Alpine könnte die optimale Basis hierfür bieten. Die Formel-1-Fabrik ist in Enstone in der Nähe von London, die Motorenfabrik in Paris. Und es ist ja bekannt, dass die Stadt der Liebe nicht nur Neweys Ehefrau während der Olympischen Spiele verzaubert hat. Einige Besuche in der Motorenfabrik wären deshalb voll nach ihrem Geschmack.
Die Sommerpause nutzte Red Bul mit einer schlichten Pressemitteilung, um sein leidigstes Thema scheinbar zu beenden: Ein kleiner Auszug aus der trockenen Aussendung des Energydrink-Herstellers: „Früher im Jahr wurde eine Beschwerde gegen Christian Horner eingereicht. Diese Beschwerde wurde mit einem Beschwerdeverfahren im Unternehmen behandelt, wobei der damit beauftragte unabhängige Kronanwalt die Beschwerde abwies.“
„Die Klägerin machte von ihrem Recht auf Berufung Gebrauch, und dieses Berufungsverfahren wurde von einem anderen unabhängigen Kronanwalt durchgeführt“, heißt es in der Mitteilung: „Alle Phasen des Berufungsprozesses wurden nun abgeschlossen, mit dem finalen Ergebnis, dass die Berufung nicht aufrechterhalten wird.“
Vorgeschichte: Dem Red-Bull-Teamchef wurde ein Fehlverhalten gegenüber einer Mitarbeiterin vorgeworfen, weshalb es rund um den Saisonstart zu einer internen Untersuchung gegen Horner gekommen war, die von einem unabhängigen Anwalt durchgeführt wurde. Nach acht Wochen wurde Horner von diesem jedoch freigesprochen. Die Mitarbeiterin, die im Zuge der Horner-Affäre vom Team suspendiert wurde, ging gegen das Untersuchungsergebnis allerdings in Berufung, anschließend wurde es still um das Thema, das zuvor extreme Wellen nicht nur in der Formel-1-Szene geschlagen hatte.

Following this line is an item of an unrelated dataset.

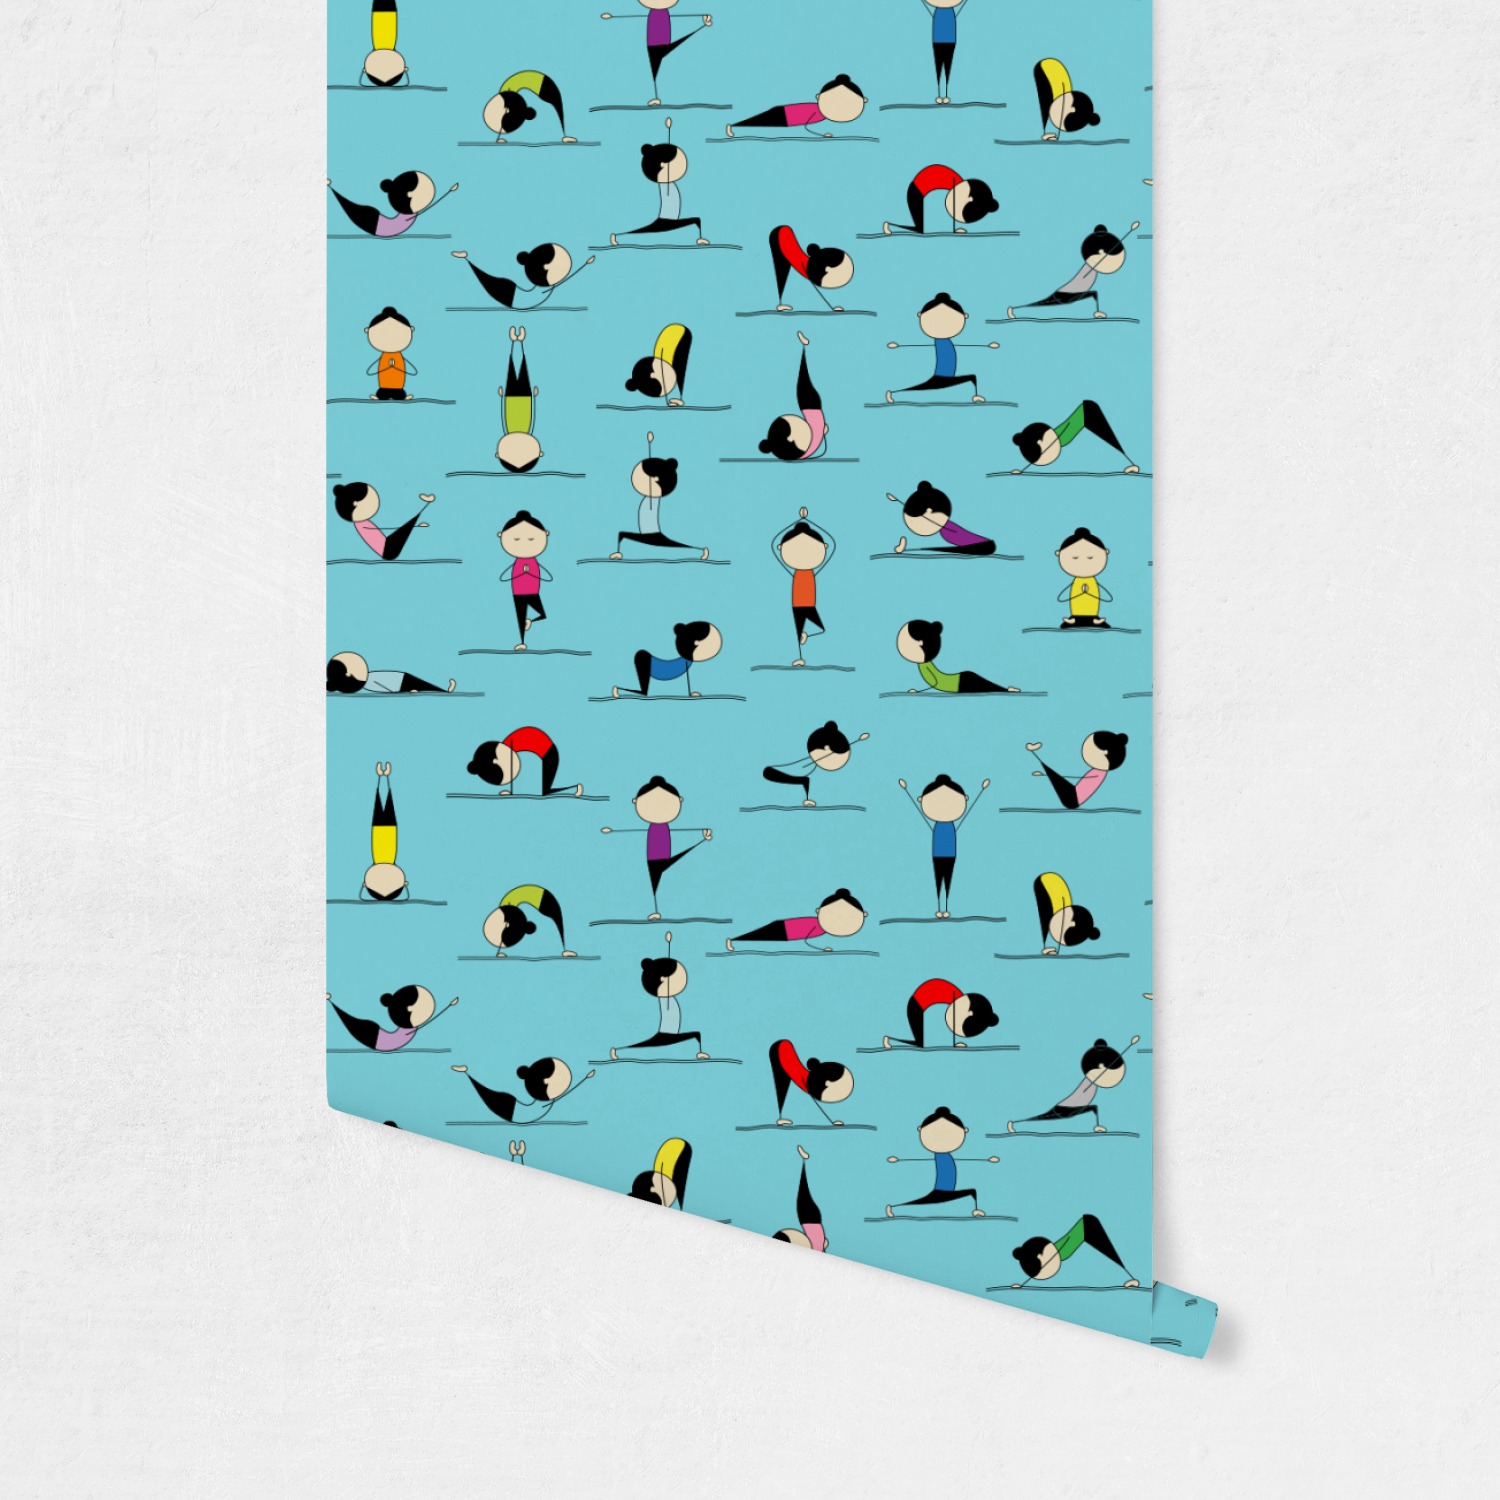 Wallpaper girl, pose, yoga, balance for mobile and desktop, section спорт,  resolution 3709x2819 - download

Allein: Vorbei ist das Thema für die Österreicher, die sich mittlerweile den Entscheidungen der thailändischen Mehranteilseigner beugen müssen, noch nicht. Denn die Mitarbeiterin will jetzt in England vor einem Zivilgericht gegen Horner klagen. Dessen Anwälte wollen gerade erst verhindern, dass dieser Prozess und alle darin zur Urteilsfindung benötigten Details wie private Nachrichten oder Fotos öffentlich werden.
Unter anderem die ehrwürdige BBC will genau das erreichen. Sie argumentiert, dass Horner eine Person des öffentlich Interesses sei und er dafür auch alles getan habe. Beispielsweise ließ er aufwendige Homestorys für mehrere Folgen der F1-Doku bei Netflix zu. Noch ist für Horner und die Unter-den-Teppich-Kehrer von Red Bull die Geschichte nicht ausgestanden. Der größere Winter-Blues könnte noch kommen.